Daily Archives: December 16, 2009

Lotus Lowenstein’s My-Life-Is-Merde-but-Have a Bonnes-Fêtes-Anyway-Blog Tourapalooza

Good news Elflings! I am très heureuse to be a stop on Libby Schmais’s Tourapalooza in celebration of her first YA novel, The Pillow Book of Lotus Lowenstein. If you know a teen who would love nothing more than a ticket to Paris this holiday season, then I’m thinking The Pillow Book of Lotus Lowenstein would be a much more affordable and entirely pleasing option for said teen reader. Libby is also sharing her perfect day in Paris, as well as Lotus’s dream day in the French capital! As a lovely bonus, at the end of the post, you will find out how to enter to win an autographed copy of Libby’s book. Let’s get started with a bit about the book.

Lotus Lowenstein dreams of going to Paris and becoming an existentialist. Unfortunately, she is instead stuck in Park Slope Brooklyn, far from the world of croissants, cafés, and romance, with her particularly kooky family. She writes in her journal, her pillow book, about all things français and about her very complicated life. In spite of her daily efforts to celebrate French language and culture, Lotus feels like her Paris dream is very far away. She decides to create a French club in her high school, hoping that she might be able to organize a trip to the City of Light. The first meeting of the club brings out only three members: Lotus, her best friend Joni, and Sean, an adorable, smart wannabe existentialist. This launches Lotus’s first sort-of love affair, and she discovers that love, like any big dream, is a lot more complicated than she thought. Will there be heartbreak? Will Lotus discover the best poutine when the French club makes its first official trip to Montréal? Will she ever make it to Paris? You’ll have to read Lotus’s pillow book to find out.
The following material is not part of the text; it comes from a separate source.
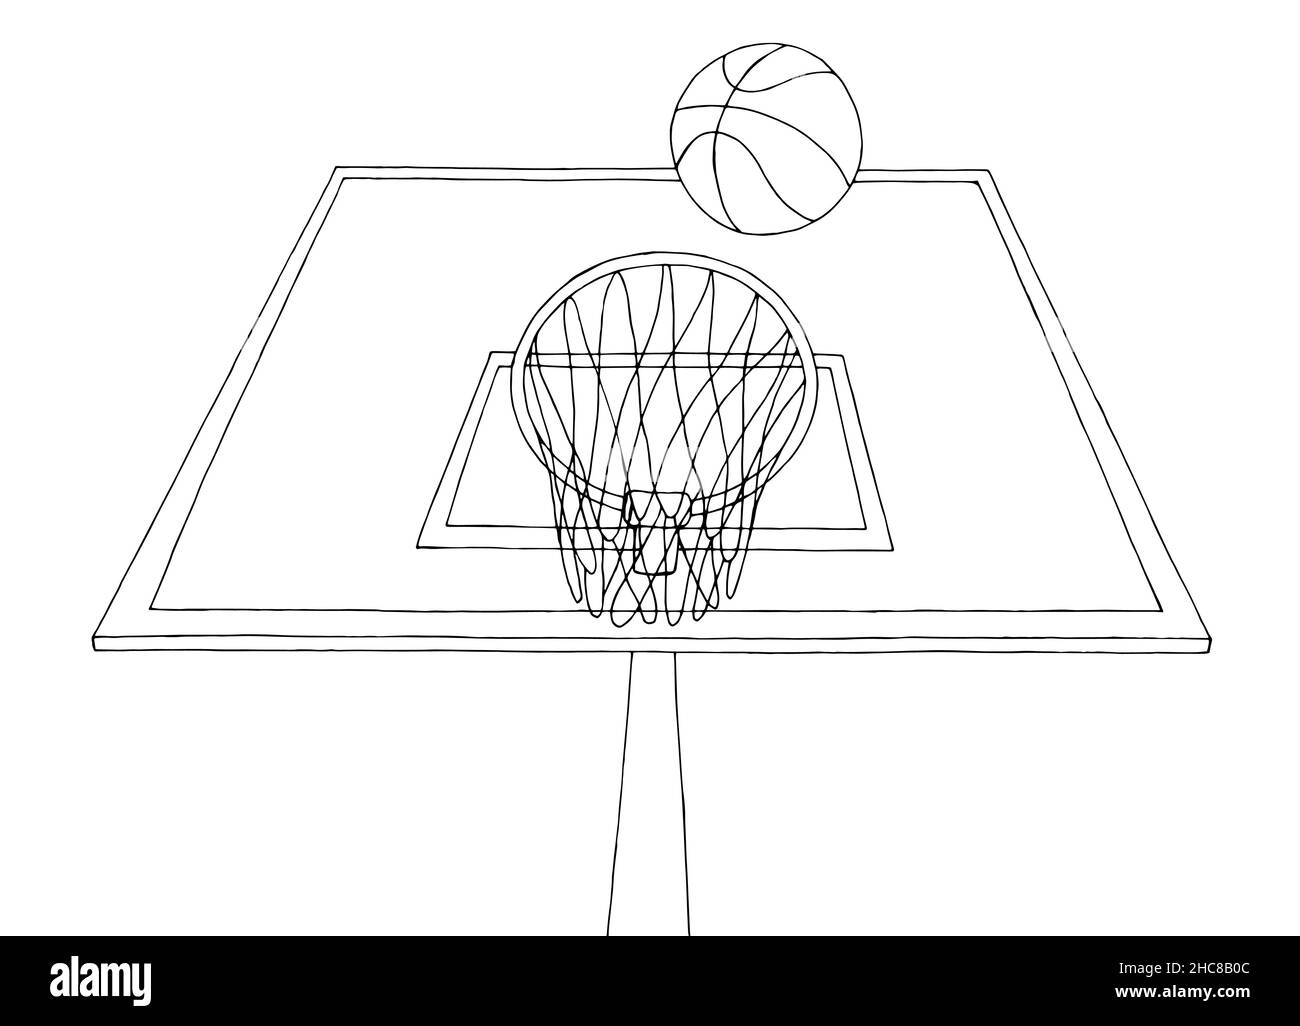 Aro de baloncesto Imágenes vectoriales de stock - Alamy

Here’s the lovely trailer, which captures the spirit of the book perfectly (not always the case with trailers, I find):

Diary style writing is not easy to pull off. You’ve got to have a rock-solid sense of the character’s voice in order to make it work and to keep it engaging for the reader. Schmais definitely achieves this in her first YA novel. Lotus is often hilarious, and while she is precocious in her interests and observations about people and the world, her attitude and concerns are quite true to a typical teenager’s way of seeing things. There were many very funny moments in this book. For example:

I woke up late, ate two croissants, and had a café au lait. Read a few pages of Nausea, by Jean-Paul Sartre, and started to feel a little nauseated myself. I think it was because I totally related to the way JP felt about everything. Like how he looked at something and couldn’t even remember what it is or why it is. That’s how I feel. I mean, what’s the point? I’ll never have enough money to go to France. I’ll never fall in love. It’s just one endless day after the other.

I thought that Lotus was a really interesting girl, the kind of sassy character who stays with you and makes you wonder what she might be up to a few years down the road. She’s smart, irrepressible, and she has big dreams. I think a lot of teens will relate to her energy and vision.

I must address the cupcakes mentioned in passing in the trailer. An author who can come up with the idea for “HELL IS OTHER PEOPLE” cupcakes, is automatically working at a whole different level of funny, and deserves attention, I think. Come on. That is genius funny.  Makes me smile just thinking about it.